Find out Why Bigger is Better in Commercial Real Estate Deals

Many real estate investors start out like I did with that first duplex before investing in single-family residences (SFRs) and then later trying to move into commercial deals.

At one point, I was well on my way to owning 100 houses, but that was before I changed my strategy.

What caused the shift was gaining experience working as a property manager while selling rentals almost exclusively to real estate investors in my network. Between eviction court, inspections, turnovers, and routine maintenance, I quickly realized how much time and how many headaches were involved, and I started to question my strategy.

                                                                                   Photo Credit:   Above the Law

                                                                                  Photo Credit: Above the Law

Commercial Real Estate & Financing

It wasn’t long after I purchased a 6-unit building with commercial financing that I realized some of the risks that I was taking on. I thought it would just be a normal transition into small apartment buildings. I figured, like many of my friends, that I could own more units, just under one roof and in one location.

Related: How to Use Commercial Real Estate to Add $1M to Your Net Worth in 5 Years

What could possibly go wrong? If one unit was empty, I had all the other units to help pay the mortgage, right?

Little did I know the impact of commercial financing and the fact that I didn’t have enough scale (or number of units) to justify on-site management and maintenance.

When utilizing commercial financing for apartments between 5 units and 70-100 units, the first thing you need to realize is even if you purchase the property in your LLC, the bank will usually want you to personally sign on the loan.

This one fact alone will open you up to a lot of risk exposure when you factor in the other, stricter terms of commercial loans, especially when compared to the more favorable terms you can get when buying SFRs, even in your own name. Plain and simple: You’ll get better loan terms with personally owned real estate, especially when it’s owner-occupied.

But with larger commercial deals that you’re personally signing on, there’s much more risk. Often, banks not only charge a higher rate and require more money down (thus lowering your overall yield) and commercial insurance (much more expensive), but they also recast these loans.

Recasting

Recasting basically means the bank can adjust the loan at a later point in time, usually after five or seven years (sometimes even 10 years), usually to lower their exposure to interest rate risk.

The bank may take a look at the borrower and the property again to see if they still qualify for the existing loan to be extended. If they do qualify, this typically means the property hasn’t dropped in value (potentially jeopardizing the bank’s equity position) and nothing has materially changed in a negative way to impact the borrower’s financial picture.

Once you exceed 70-100 units, banks usually won’t be sticklers about getting you to personally sign on the loan. These situations are much safer for the real estate investor in many ways. By not having to sign, there’s much less personal risk, especially with exposing any of your other assets.

On-Site vs.
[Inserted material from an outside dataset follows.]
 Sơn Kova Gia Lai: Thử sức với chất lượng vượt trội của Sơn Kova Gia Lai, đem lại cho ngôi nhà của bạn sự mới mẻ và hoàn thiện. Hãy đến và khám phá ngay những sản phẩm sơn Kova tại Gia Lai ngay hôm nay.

Third-Party Maintenance

Also, there’s enough scale with the number of units that you can start to justify on-site management and maintenance. You know how I know? I was a painting contractor who did multiple apartment complexes from 2 units to 600 units and everything in between. If you only had between 4 and 70 units, you pretty much had to bring in your entire maintenance team from outside. This can dramatically impact the bottom line, especially since apartments have much more common area maintenance and a higher turnover rate than SFRs.
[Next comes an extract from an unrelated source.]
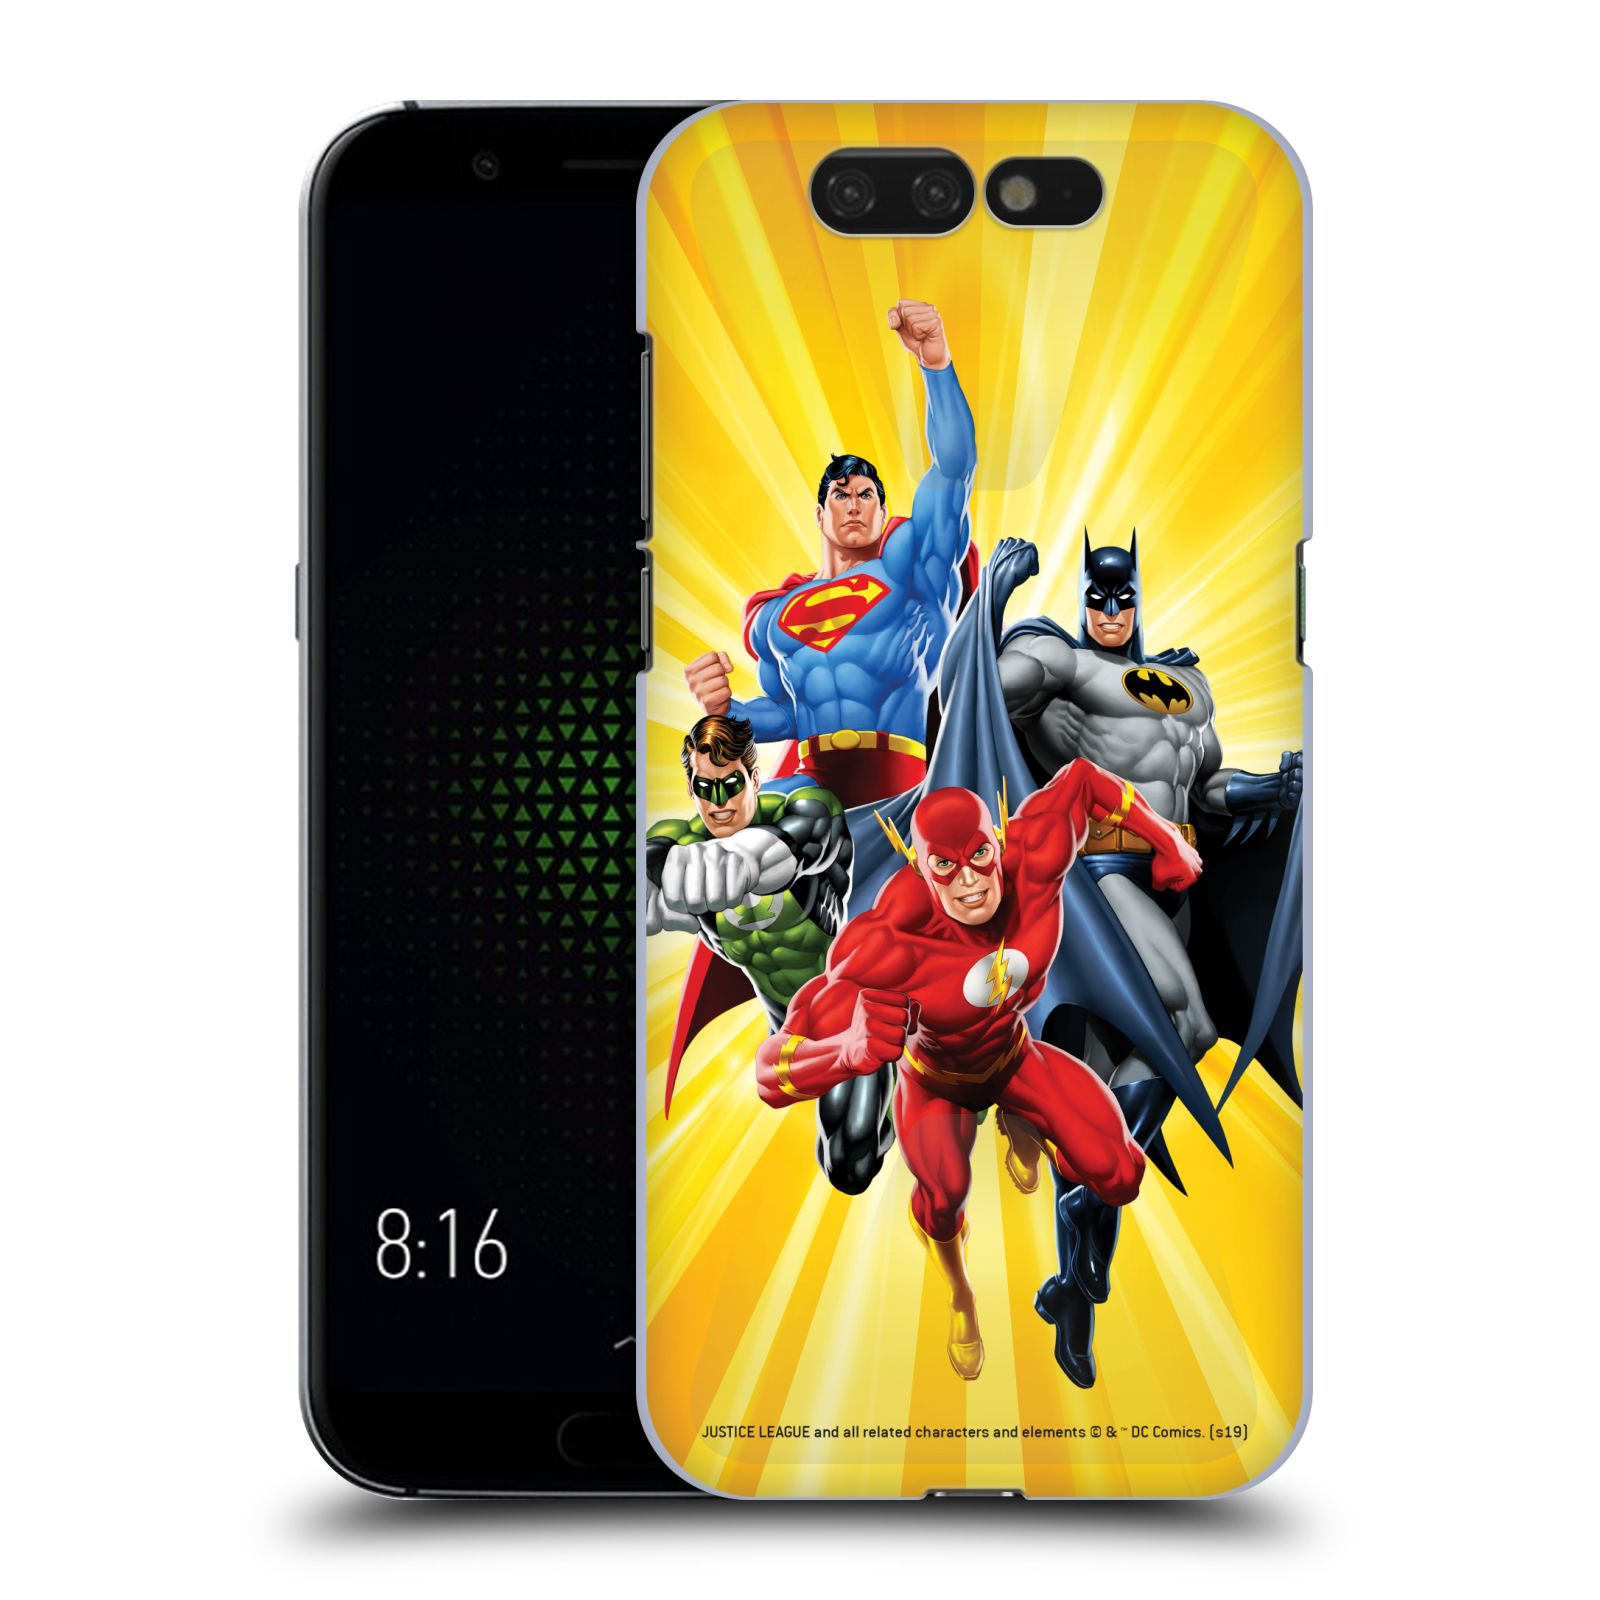 Pouzdro na mobil Xiaomi Black Shark - HEAD CASE - DC komix Liga Spravedlivých hrdinové Flash

Related: Case Study: How to Give Investors a 9% Cash-on-Cash Return in a Syndicated Apartment Deal

Syndications

The other advantage of these larger apartment complexes is that they’re often purchased with private equity or capital that’s raised through the use of a private placement memorandum (PPM). The PPM not only protects the investors in the deal, but it also protects the fundraiser in the event that things don’t work out. It’s almost like an insurance policy on the deal.

Personally, if I’m going into commercial investing such as apartments, I definitely want deals in excess of 100 units. Otherwise, I’ll just stick to my SFRs.

But, what about you? For those of you on BiggerPockets, what’s your experience with apartments between 5 and 70 units? Do bigger or smaller complexes work better for you, and why?